こんにちは。教えるためのシナリオ構築請負人、開米瑞浩です。

  「教えたいコンテンツはある」のに、それを「教えるためのシナリオ」
  へと落とし込めない講師のために、代わってシナリオ化してしまうのが
  シナリオ構築請負人。講師の裏方で働く日の当たらない仕事(笑)
  ですが、これがなかなかとっても面白いんですよ。

さて、ちょっと時間が空いてしまいましたが、

 前号  346:将来なりたかったもの
 前々号 347:将来の夢は、ありません!

の続編です。


■マンガを読みながらやっていたこととは?

一応私にも子供の頃は「将来の夢」ってやつがありました。

 プロ野球選手になりたかった小学低学年時代。
 将棋棋士になりたかった高学年時代。
 小説家になりたかった中学・高校時代。
 天文学者になりたいという気持ちもありました。
 数学も好きでした。

しかし大学に入った頃にはどれもこれも現実的なものとは思えなくなり、
元気がなくなって、勉強もせずバイトもせず遊びもせず人とも会わず、
ほとんど引きこもってマンガを読むだけの毎日を送っていました。

というところまでが前回の内容でした。


ところがそんなある日のこと、大学生協2階の書籍売り場の一角で、
あるマンガを目にしたんです。

またマンガかよ! とかツッコミが入りそうですが(^^;;

当時で確か12巻まで刊行されていたシリーズもので、その12巻分が
全部平積みで並んでいたのですごく目立ってたんですね。

その中に、たいへん印象的なシーンがありました。

それは、2人の剣術士が真剣で果たし合いをするシーン。
双方の服の一部を切ることが勝利条件だったので、殺し合いではあり
ませんが、ただ真剣を使う以上は死ぬ可能性もあるというそういう
勝負。

このシーン、斬り合い自体は一瞬です。
でも、その前の「対峙」の時間があるわけです。

双方の剣士が向き合って構える。
そして小刻みに動きながら様子を見て隙を狙い・・・
ここぞ! というところで飛び込んで斬り合う

斬り合い自体は1秒もないような一瞬の出来事ですが、その前の
「対峙」は数十秒、きわめて緊迫した空気が流れる時間。

その数十秒間を、そのマンガは実に実にうまく表現していました。

   こりゃ、すげぇ・・・・こんな描き方ができるんだ・・・!!

初めて読んだとき、私は本当に感心したんですよね。


■紙媒体でも時間を表現できる! ということは・・・・

これが映画やアニメだったら別にどうということはありませんが、マンガ
ですから、紙の上なんです。
読者の読むペースを、作り手側でコントロールできない紙媒体で、
対峙する数十秒間の「静」、そして一瞬の斬り合いという「動」、
この静→動の演出を、紙媒体でやってしまっている。
それをここまで見事にやってのけている作品を見たのは初めてでした。

すげえな・・・と思ったわけです。

紙の上でも時間を表現できるんだ、ということに私はこのとき気が
つきました。

と同時に、「表現技術」にはもっともっと可能性があるのではないか?

と思ったんです。

表現方法を工夫すれば、なかなか説明しにくいものでも何倍もわかり
やすく表現できるのではないだろうか・・・・?

勉強もせずバイトもせず遊びもせず人とも会わず、ほとんど引きこもって
マンガを読むだけの毎日を送っていた私はこのとき、そんな着想を得て、
そして・・・





さらにマンガを読みまくりました(笑)

なんたってマンガで得た着想なんですから、マンガの世界を探るのは
当然でしょう。

このとき分ったことがいくつかあります。

  まず第一に、表現方法は「作者の発想に制約される」ということ。
  第二に、表現方法は「読者の能力にも制約される」ということ。

↑これだけ書くとあたりまえのようでもありますが、たぶん抽象的すぎて
意味不明ですよね。
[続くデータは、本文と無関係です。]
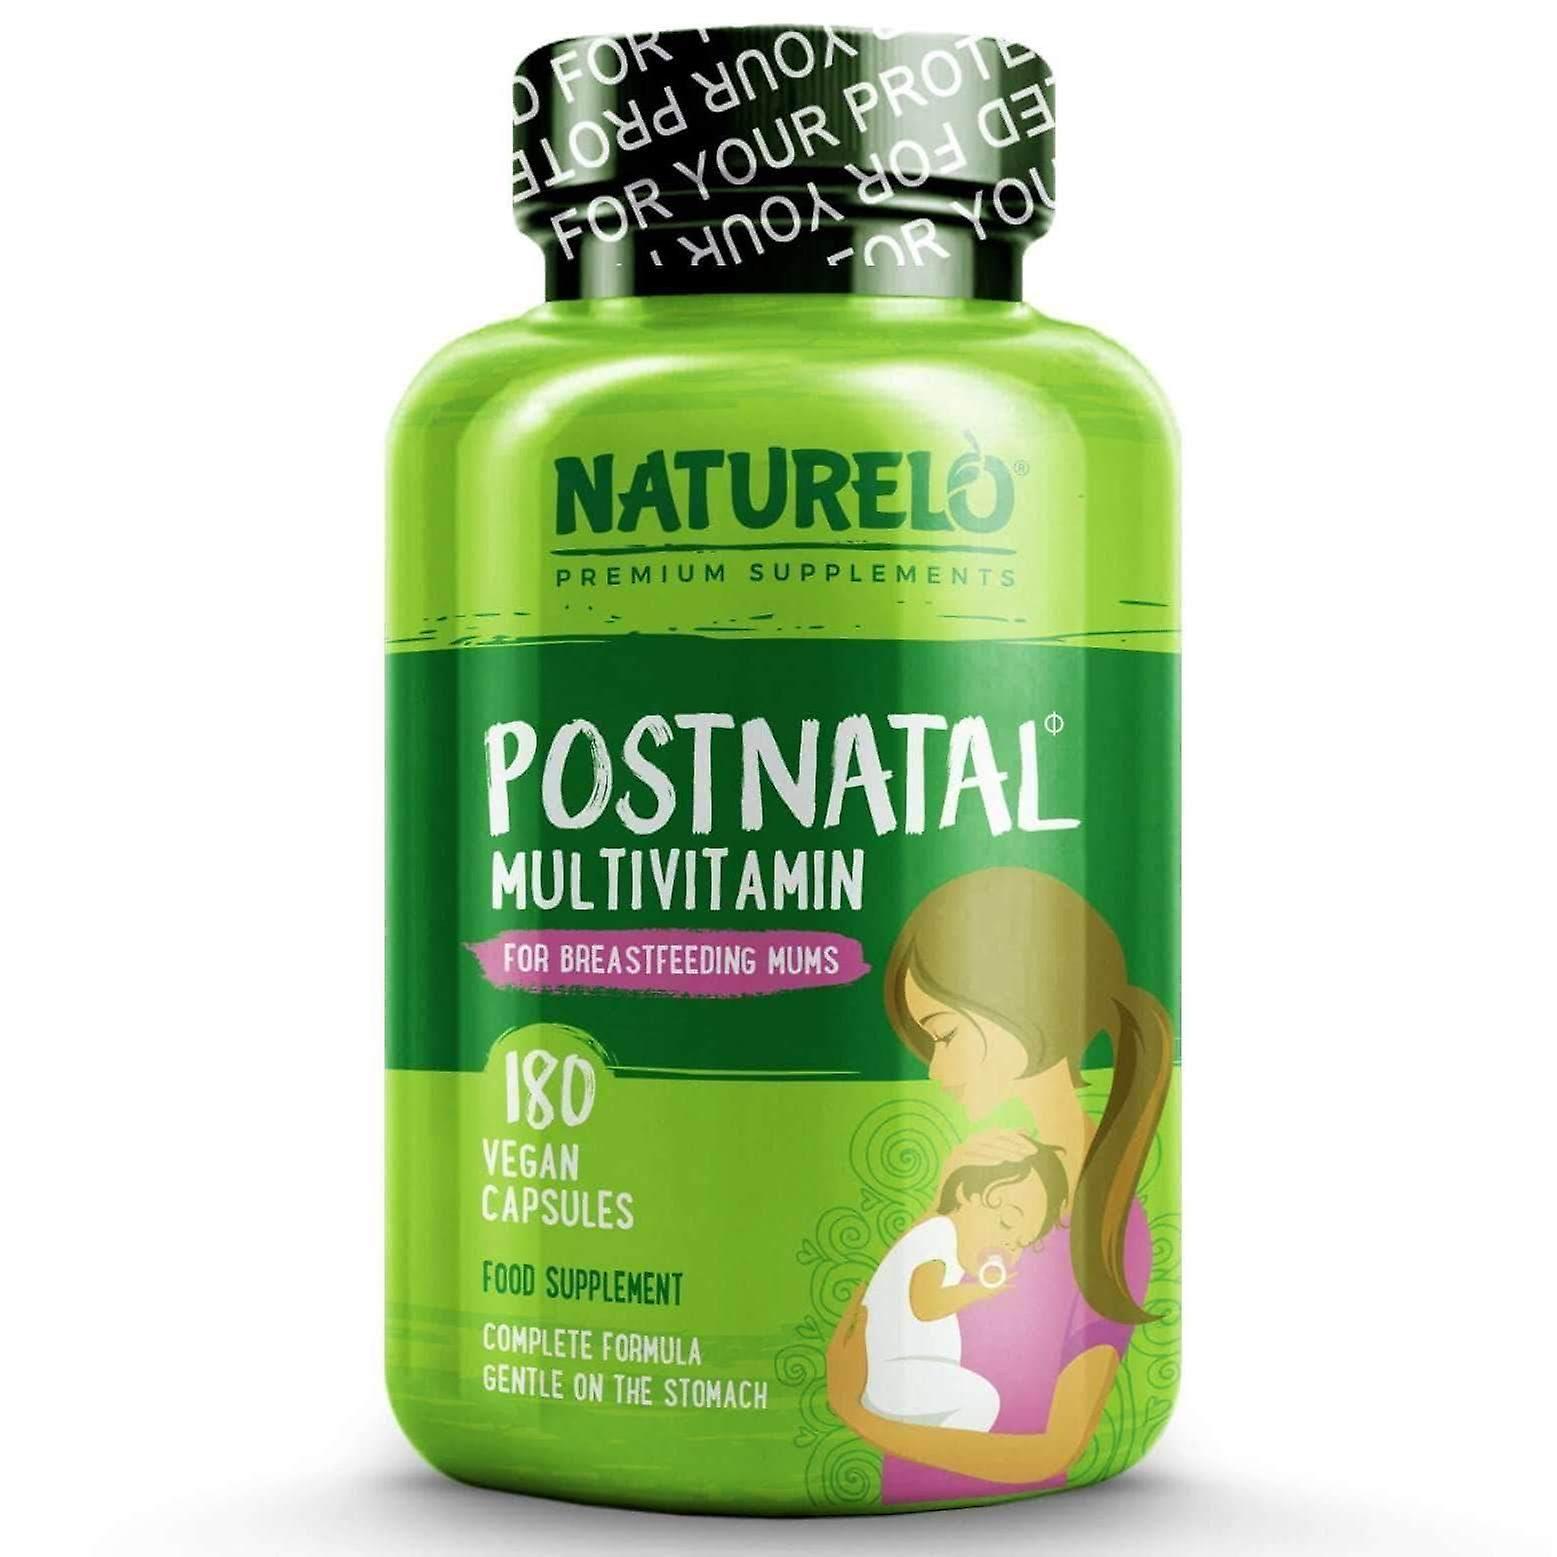 Postnatal hele mat multivitamin for nye mødre med naturlige vitaminer og urter-180 caps (vegan)

次号でもう少し詳しく書きます。

何にしても、このとき得た着想から「表現技術」をあれこれと探った
ことが、現在の

   教えるためのシナリオ構築請負人

稼業に役に立っているのは間違いありません。


■図書館に行って美術書を総ざらいしたそのワケは?

ちなみに、私はさっき書いた

  まず第一に、表現方法は「作者の発想に制約される」ということ。
  第二に、表現方法は「読者の能力にも制約される」ということ。

この2点について確証を得るために、このころマンガだけでは足りなく
なり、大学の図書館に行って世界の美術全集のような本を手当たり次第
にめくって見ていたことがあります。

いったい何を探していたのか? それは、また次号にて。

  (つづく)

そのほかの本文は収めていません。